As part of a Non-Permutation Flowshop Scheduling (NPFS) problem, I would like my MIP model to be able to deal with sequence dependent setup times. That is, for each pair of consecutive jobs, a setup time (which may be 0) may be induced in between.
Modeling:
Partially following the notation from Souiden et al., this means I extend the following inequality: $$S_{i,k} + \sum_{j=1}^{n}p_{i,j}\cdot x_{i,j,k} \leq \quad S_{i,k+1} \quad \forall i\in\mathcal{M};\forall k\in\mathcal{K}_i\setminus\{k_i\}.$$
In the above, the binary decision variable $x_{i,j,k}=1$ IFF job $j$ is assigned to machine $i$ in the $k$'th position on that machine. Variable $S_{i,k}$ denotes the start time of the job scheduled $k$'th on machine $i$ and $p_{i,j}$ the processing time of job $j$ on machine $i$. In other words, the above inequality states that two consecutive jobs on the same machine should be non-overlapping.
When using setup times, this means that we should add the setup time between the job scheduled $k$'th and $k+1$'th to the LHS in the above. In case the setup time between job $j$ and $j'$ on machine $i$ is denoted with $O_{i,j',j}$, my idea was to write setup time as follows:
$$\sum_{j'\in\mathcal{J}}\sum_{j\in\mathcal{J}}x_{i,j',k}\cdot x_{i,j,k+1}\cdot O_{i,j',j}.$$
The reason that I am using this sum of products is that we have to know which jobs are scheduled $k$'th and $k+1$'th on machine $i$. Now only for one pair of $(j',j)$ the product $x_{i,j',k}\cdot x_{i,j,k+1}=1$, hence this term.
Implementation
I implemented my model in Python and use Gurobi to solve it. For the line above, I used the code
quicksum(x[i, j1, k] * x[i, j2, k + 1] * O[i, j1,j2] for j1 in range(J)

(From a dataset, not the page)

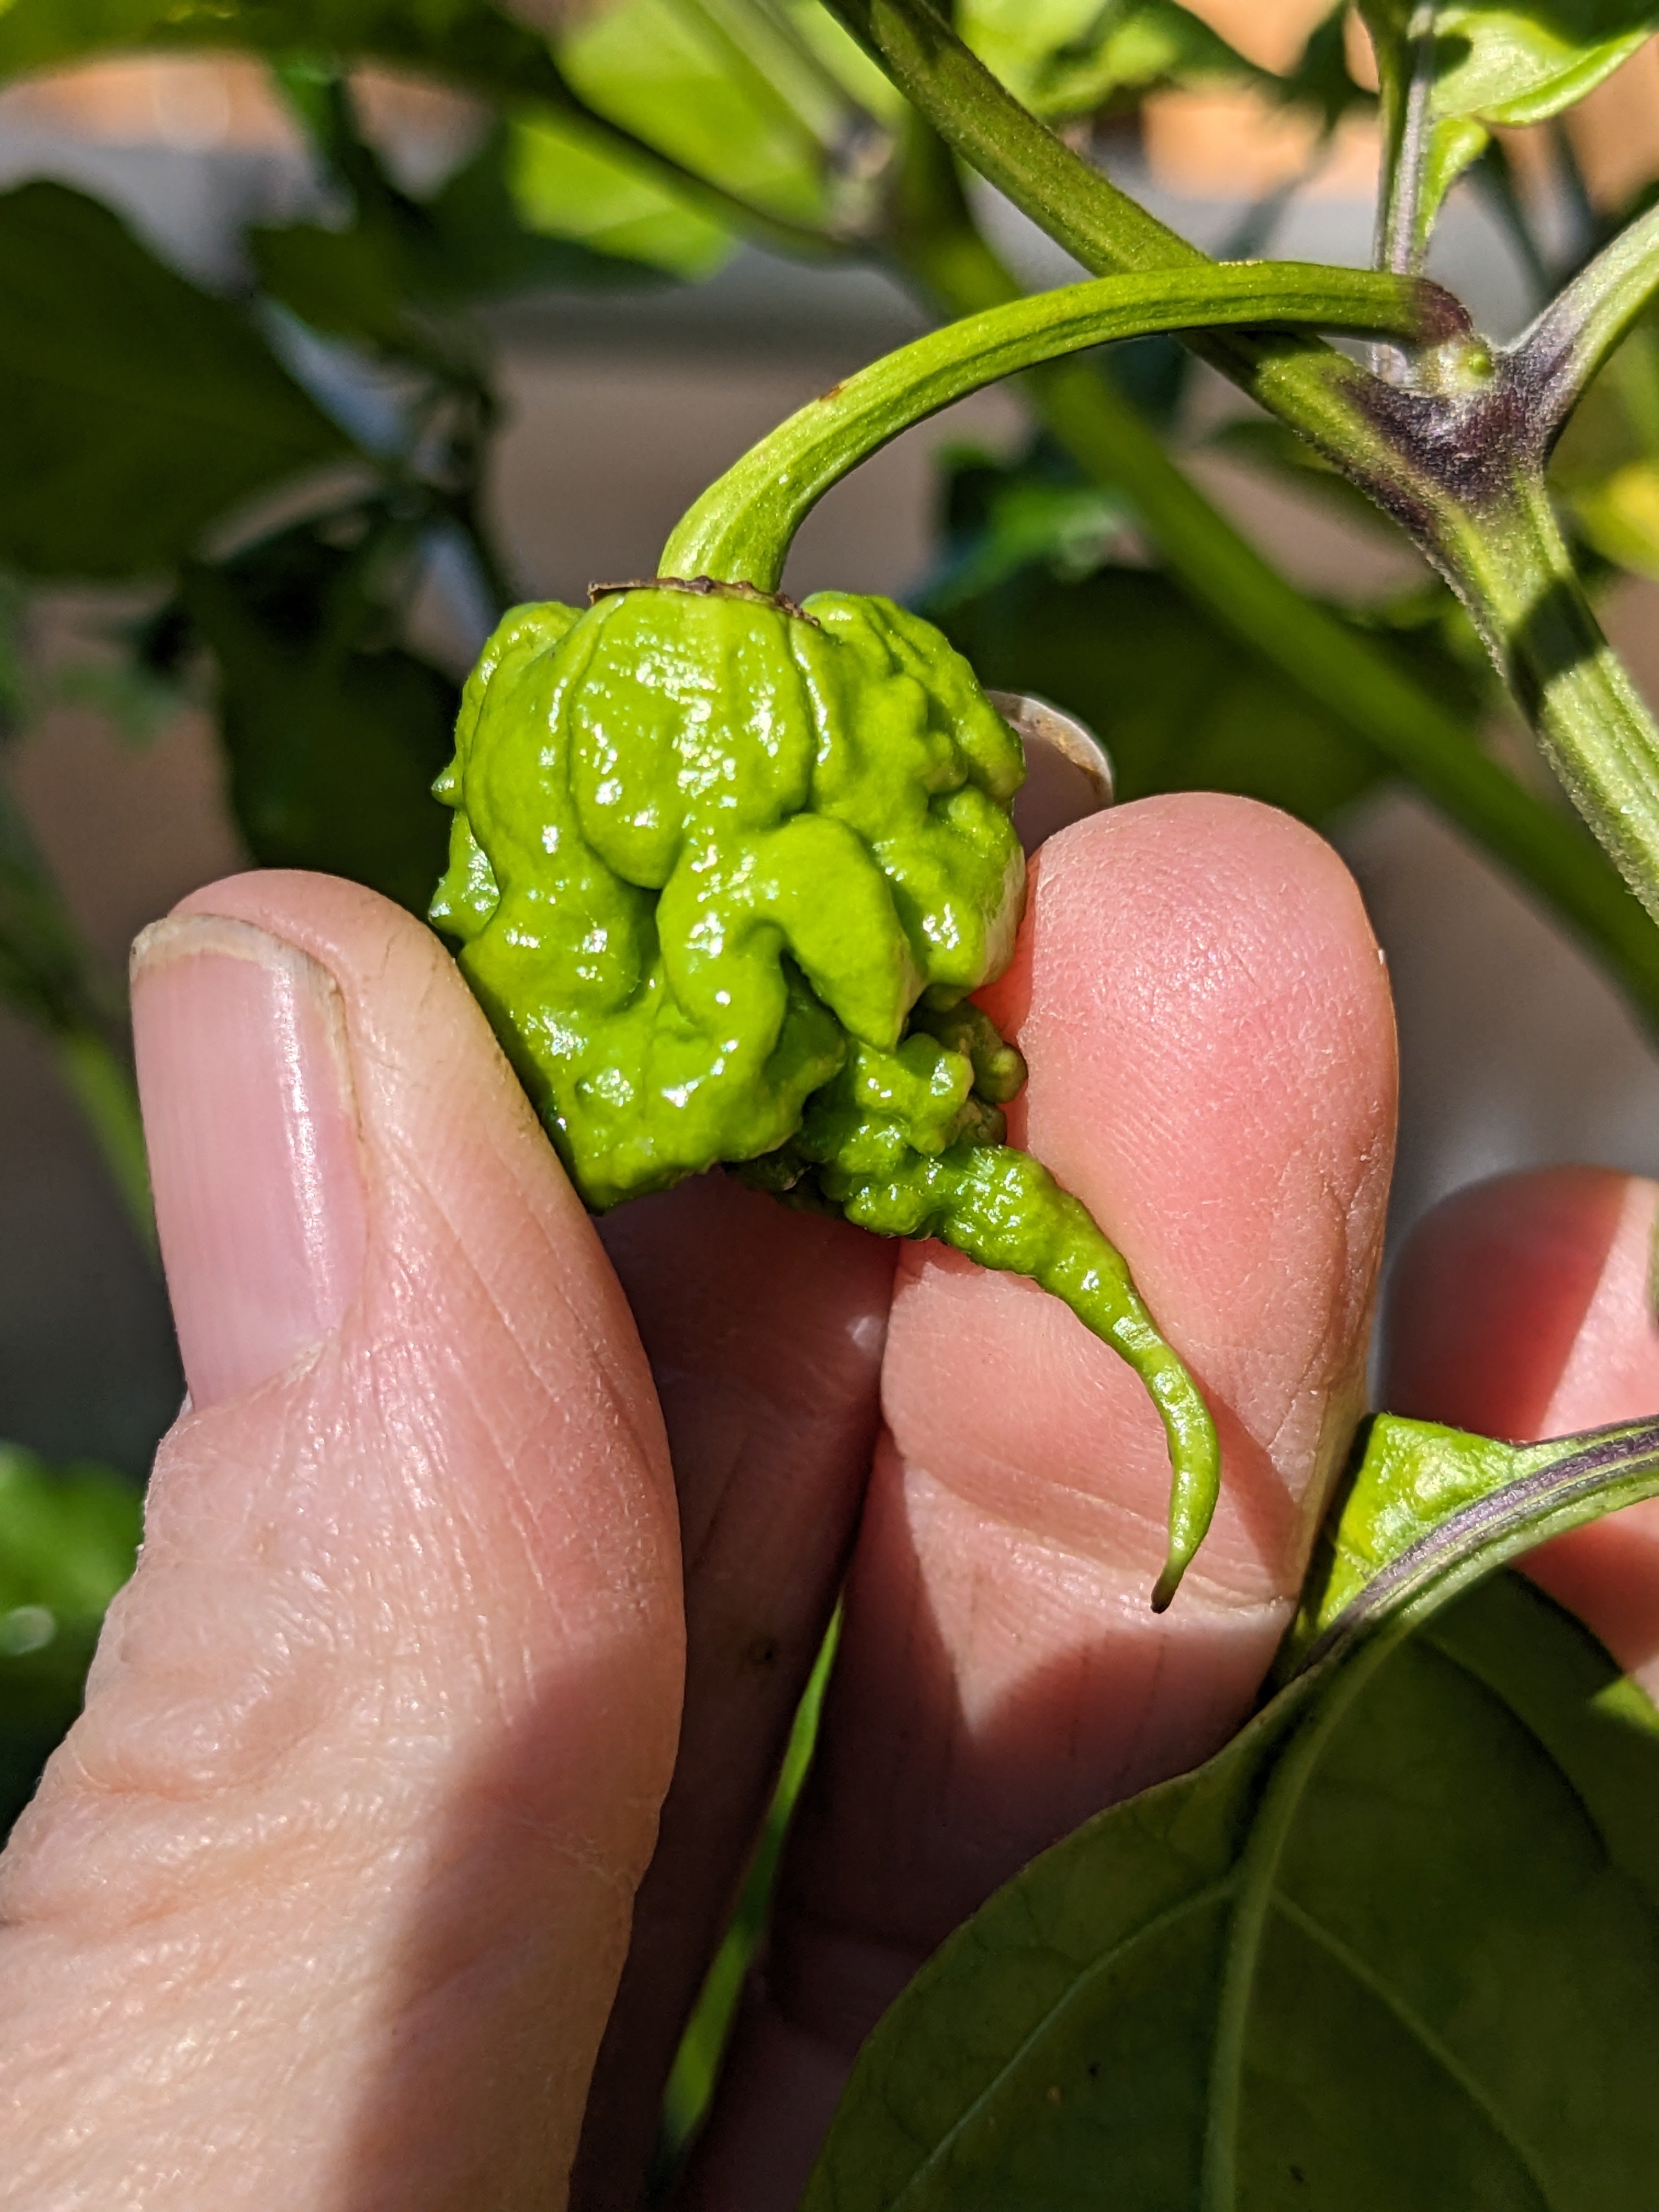 Hottest Peppers in the World: Unripe Carolina Reaper - look at that tail!
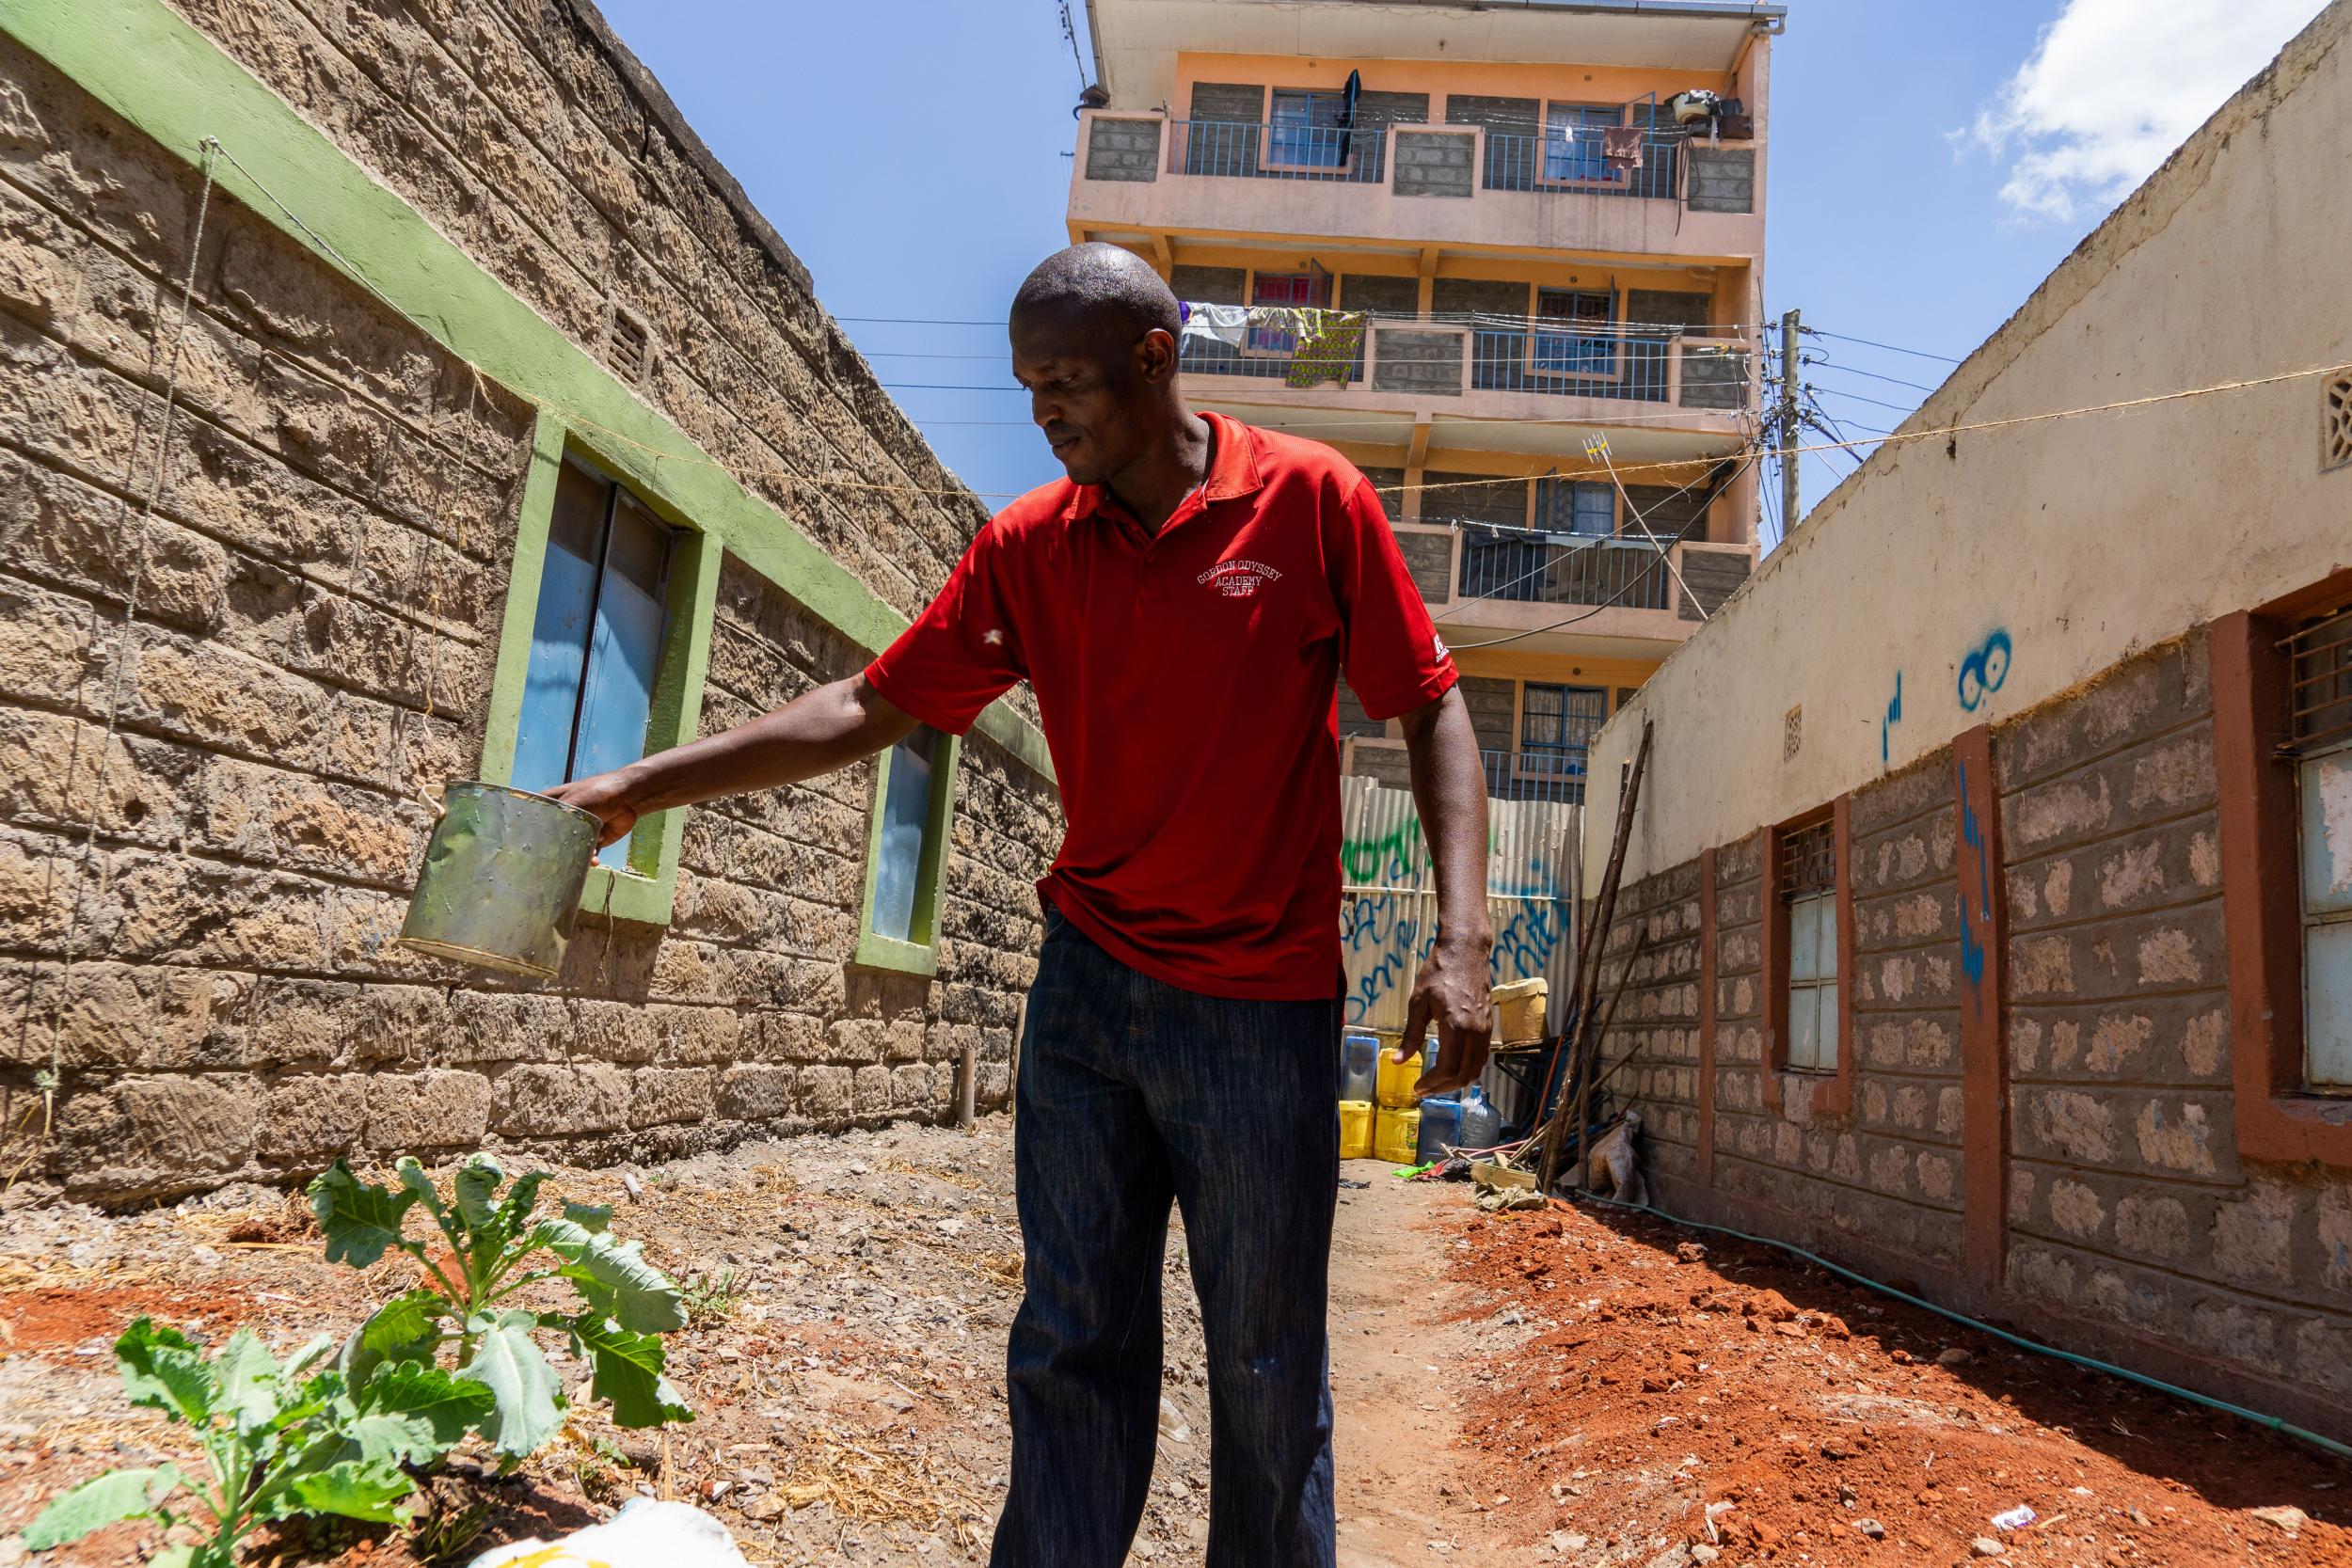 Charles Owino tends to the vegetable garden in an alleyway that used to be a hotspot for criminals and drug dealers

I tested if model performance would increase if I explicitly linearized the setup term instead of using the * operator in Gurobi, however this made performance worse (Gurobi does it in a more clever way apparently).
Observation & Question
I observed that adding this setup term to my model, significantly decreases the model performance, even if the setup times are always the same value (regardless of what pair of consecutive jobs). If I would add that always-the-same value explicitly to the top inequality, model performance is much faster compared to when modeling it implicitly via the last term.
- What can be the reason for the observation above?
- Does anyone have some suggestions for a better way of formulating and/or implementing this, like cuts, ways to tighten the problem?
Why is the model slower? Hard to say. Part of it is the "cost" of linearizing the products, where the cost is partly additional constraints and maybe variables added by Gurobi, part is loosening of the best bound, and perhaps part is Gurobi being enticed to separate nodes on variables that are perhaps less productive than the ones used by the original model.
I'm not a Gurobi user, but I assume it has a mechanism for setting branching prioritize. It's possible (but far from guaranteed) that prioritizing the $x$ variables in ascending slot order might help. (Knowing job 3 on machine 1 is in slot 17 doesn't say much about start/end times if you don't know what occupies slots 1-16.)
I think an alternative model formulation is to define $x_{ijk}$ to be 1 if job $j$ precedes job $k$ (not necessarily immediately) on machine $i$. I'll assume that all jobs use all machines; if not, you can eliminate certain variables and certain constraints. For each $j\ne k$ and each machine $i$, $x_{ijk} + x_{ikj} = 1$, which effectively cuts the number of binary variables in half. $S_{ij}$ is now the start time for job $j$ on machine $i$, and you have the constraint $$S_{ij} + p_{ij} \le S_{ik} + M_i(1-x_{ijk})\quad \forall i\in\mathcal{M}, \ \forall j\ne k\in \mathcal{J},$$ where $\mathcal{J}$ is the set of jobs and $M_i$ is the dreaded "big M" (something like the sum of all processing times on machine $i$). To add in setup times, if $\sigma_{ijk}$ is the time to set up machine $i$ for job $k$ after it finishes job $j$, the constraint just becomes $$S_{ij} + p_{ij} + \sigma_{ijk} \le S_{ik} + M_i(1-x_{ijk})\quad \forall i\in\mathcal{M}, \ \forall j\ne k\in \mathcal{J}$$ with $M_i$ adjusted to account for both processing and (worst-case) setup times. Whether that is faster or slower than your model is an empirical question.